6.5 The adjustment of mutual claims based on or associated with this contract is only possible with a recognised or legally established counter-claim.

7 Retention of proprietary rights

The ownership of the objects delivered remains with Asetronics until complete payment of the agreed upon price. If the Customer comes to be in arrears with regard to payment, Asetronics is authorised to have the retention of proprietary rights entered into the register of proprietary rights at the expense of the Customer.

8 Dates, delivery period

8.1 Delivery must be effected at the time contractually agreed upon between parties.

8.2 Adherence to the schedule by Asetronics is predicated upon the Customer’s correct fulfilment of the contractual obligations, particularly payment and cooperation obligations.

8.3 The delivery date may be extended particularly in the following cases:

a) Asetronics does not receive the information necessary for the fulfilment of the contract on time or the Customer changes this later;

b) Extraordinary circumstances arise that Asetronics cannot avoid/prevent despite the exercise of the necessary care, irrespective of whether these arise at Asetronics, the Customer or a third party. Considered to be extraordinary circumstances are such events as epidemics, natural events, mobilisation and war, but also significant operational disturbances, accidents, labour conflicts or delayed or incorrect receipt of the necessary raw materials.
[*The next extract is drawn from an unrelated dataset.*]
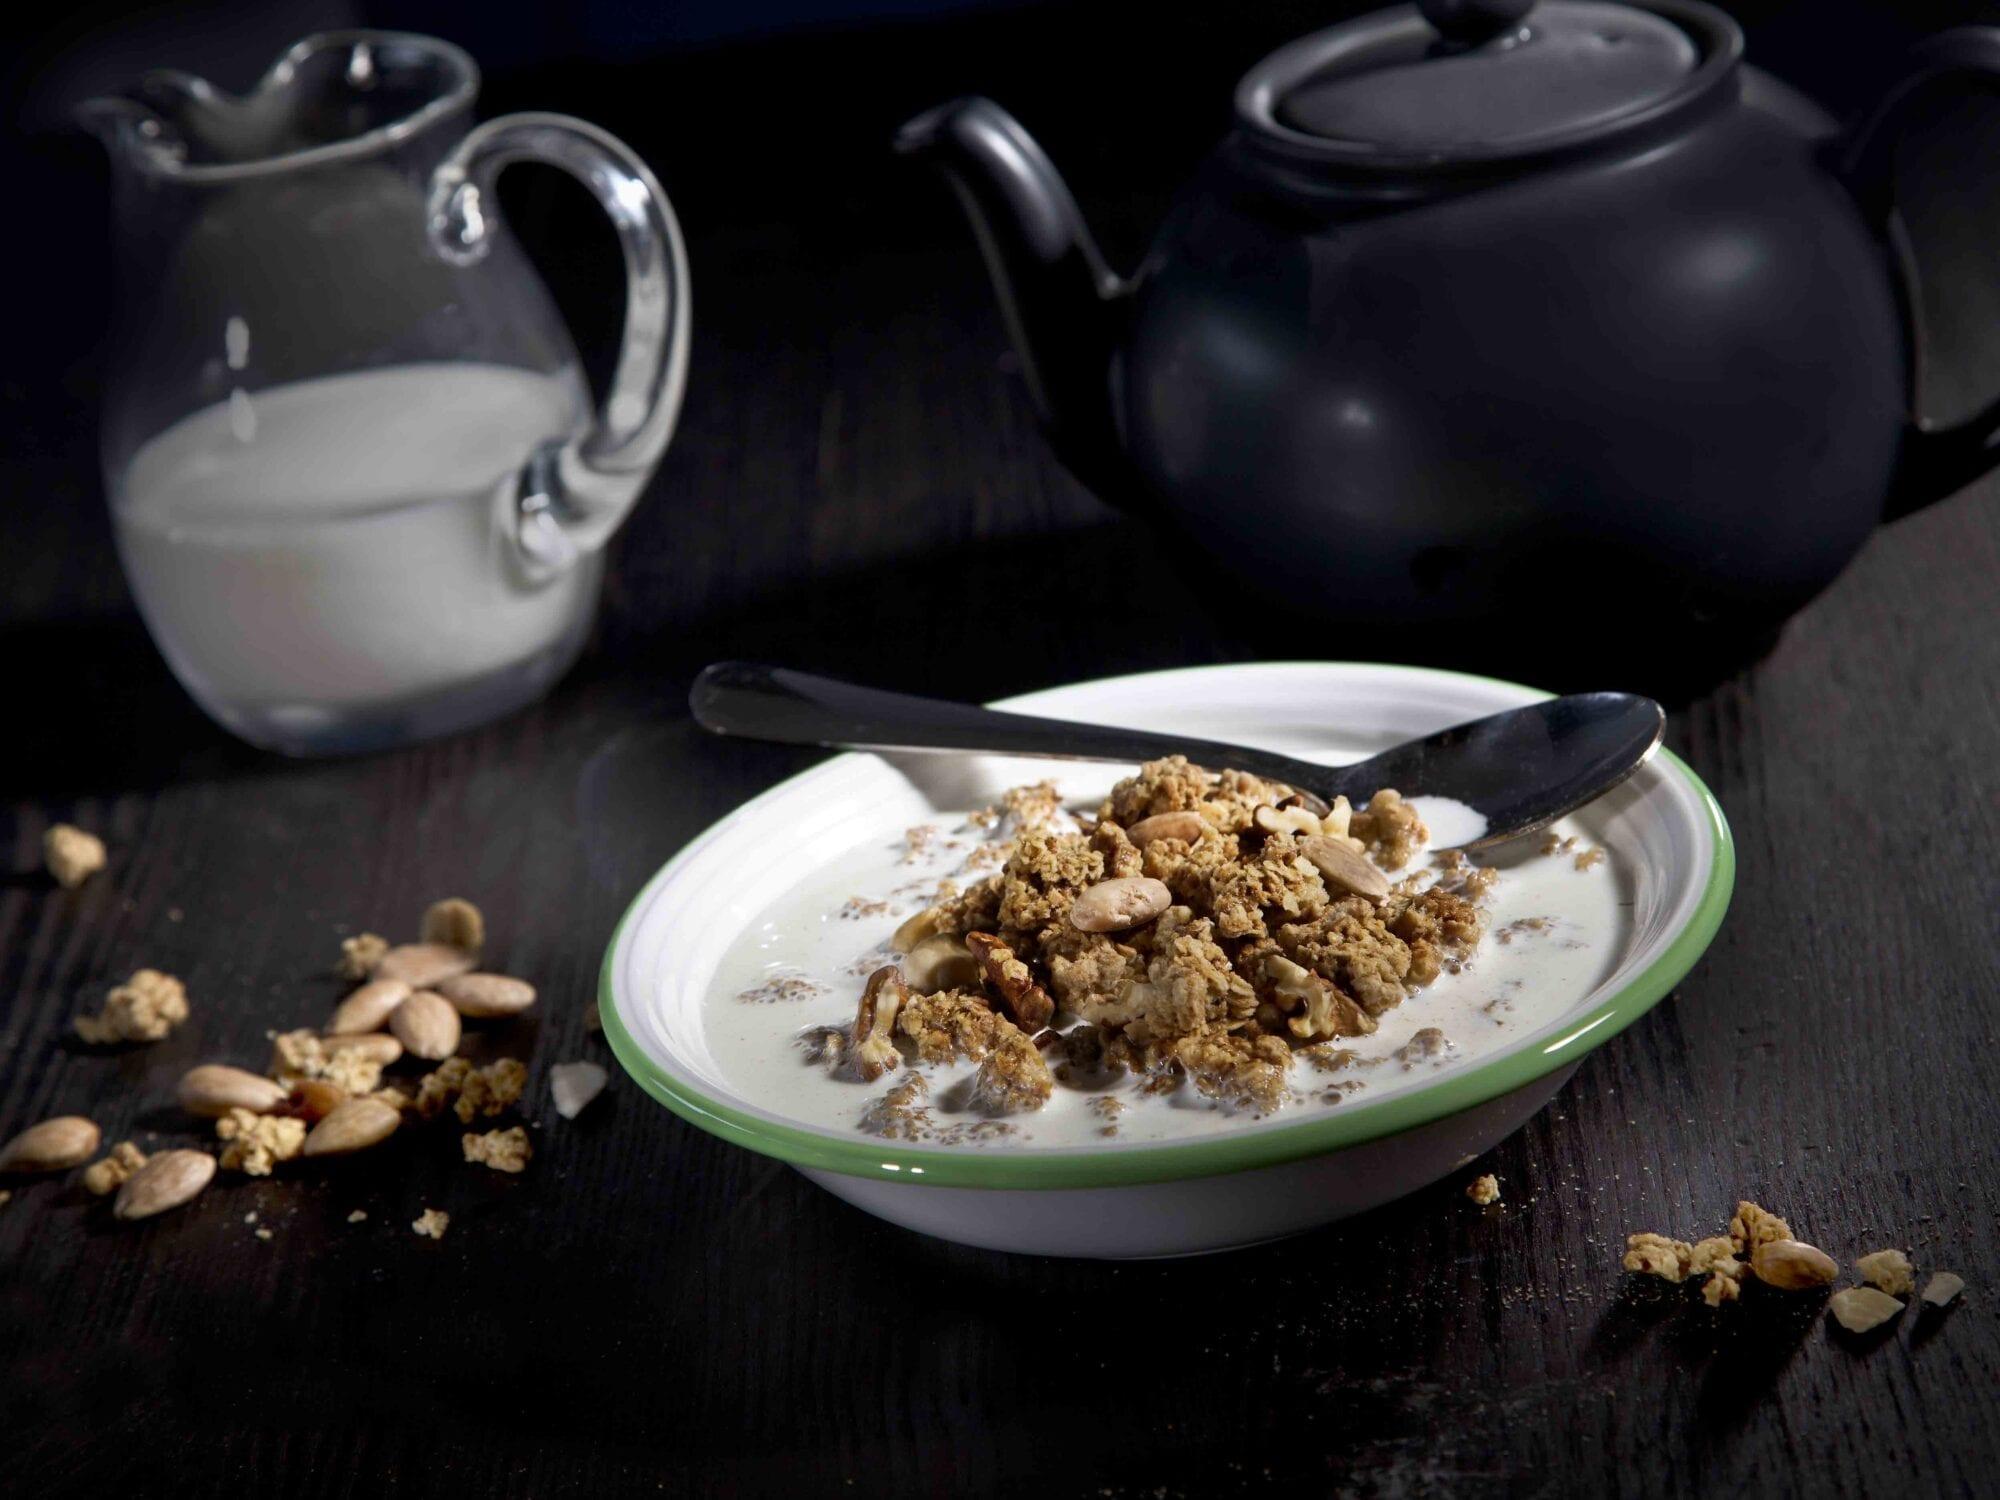 Honningristet mysli paa yoghurt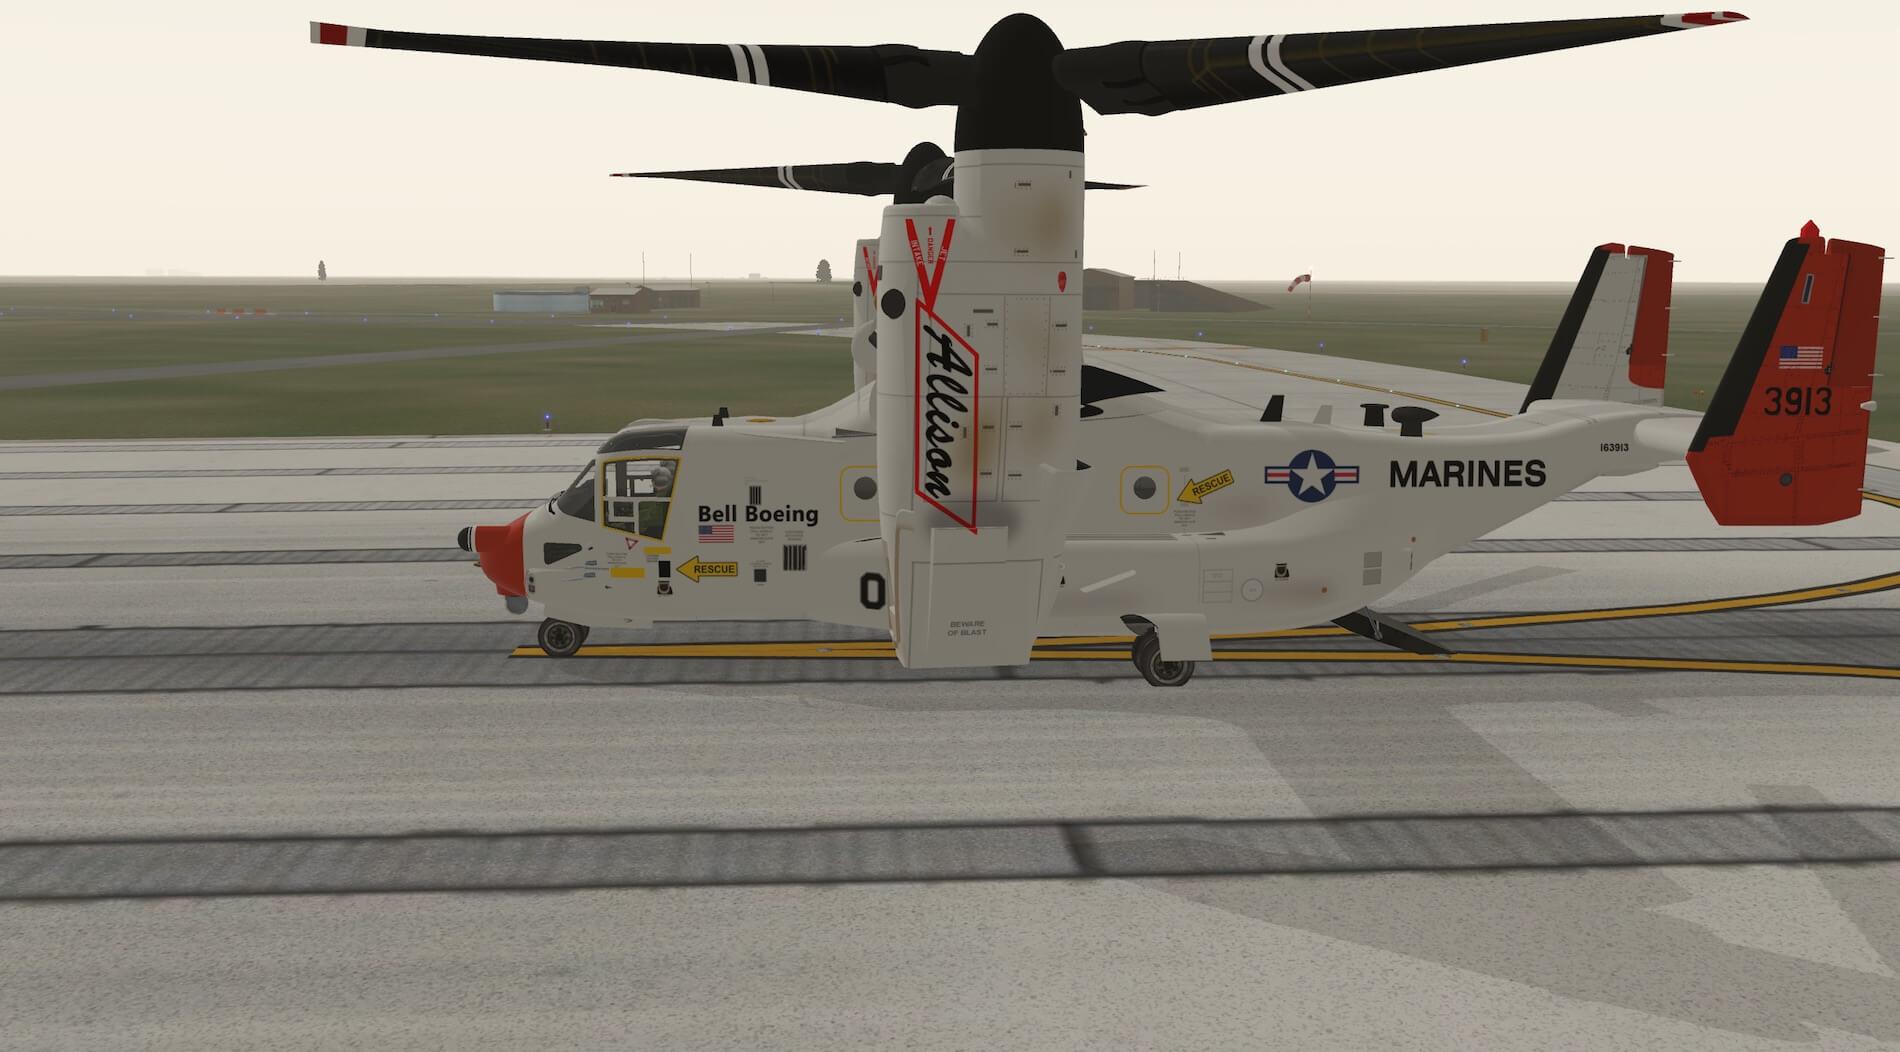 review aoa simulations boeing v 22b osprey x plained the source rh x plained com Osprey Flight Distance V-22 Osprey Flight

8.4 On the grounds of a delay in deliveries or services, the Customer can neither withdraw from the contract nor claim a discount or damages or make any other claims, unless the situation involves culpable intent in conflict with law or gross negligence on the part of Asetronics. Asetronics is not liable for intent in conflict with law or gross negligence on the part of auxiliary personnel.

8.5 If the Customer defaults in terms of acceptance, Asetronics is authorised to retain the relevant goods at the expense and risk of the Customer, thus releasing itself from obligation. Additionally Asetronics is authorised to invoice the Customer for the extra costs, particularly storage costs according to normal market prices and interest, resulting from the default in acceptance.

9 Transfer of use and risk

9.1 Use and risk transfer to the Customer at the latest at the time of commencement of delivery ex works.

9.2 If delivery is delayed at the request of the Customer or for some other reason not imputable to Asetronics, the risk transfers to the Customer at the time originally planned for the delivery ex works. From this time onward, shipments are stored and insured at the expense and risk of the Customer.

10 Shipment, transport and insurance

10.1 Special wishes concerning shipment, transport and insurance must be made known to Asetronics at the latest at the time an order is placed. Shipment takes place EXW (ex works, Incoterms 2000) at the expense and risk of the Customer. The Customer is to inform the last freight forwarder immediately of any complaints associated with the shipment or transport either upon receipt of the shipment or the freight documents.

10.2 The Customer is responsible for insurance against loss of any nature.

11 Inspection and acceptance of deliveries and services

11.1 Asetronics inspects deliveries and services with its customary care before shipment or after a service has been performed. Should the Customer require further inspections, these are to be agreed upon separately and paid for by the Customer.

11.2 The Customer must inspect (partial) deliveries and (partial) services as soon as this is feasible according to normal operating procedures and immediately report any defects in writing to Asetronics. Should he fail to do this, said (partial) deliveries and (partial) services shall be considered to have been accepted. Should defects appear only later, the Customer must report these immediately upon their discovery, because otherwise the delivery shall be considered to have been accepted.

11.3 Asetronics must correct a defect of which it has been informed as per Subparagraph 11.2 as soon as possible, and the Customer must give him an opportunity to do this. After the correction, at the request of the Customer or Asetronics an acceptance inspection shall be effected.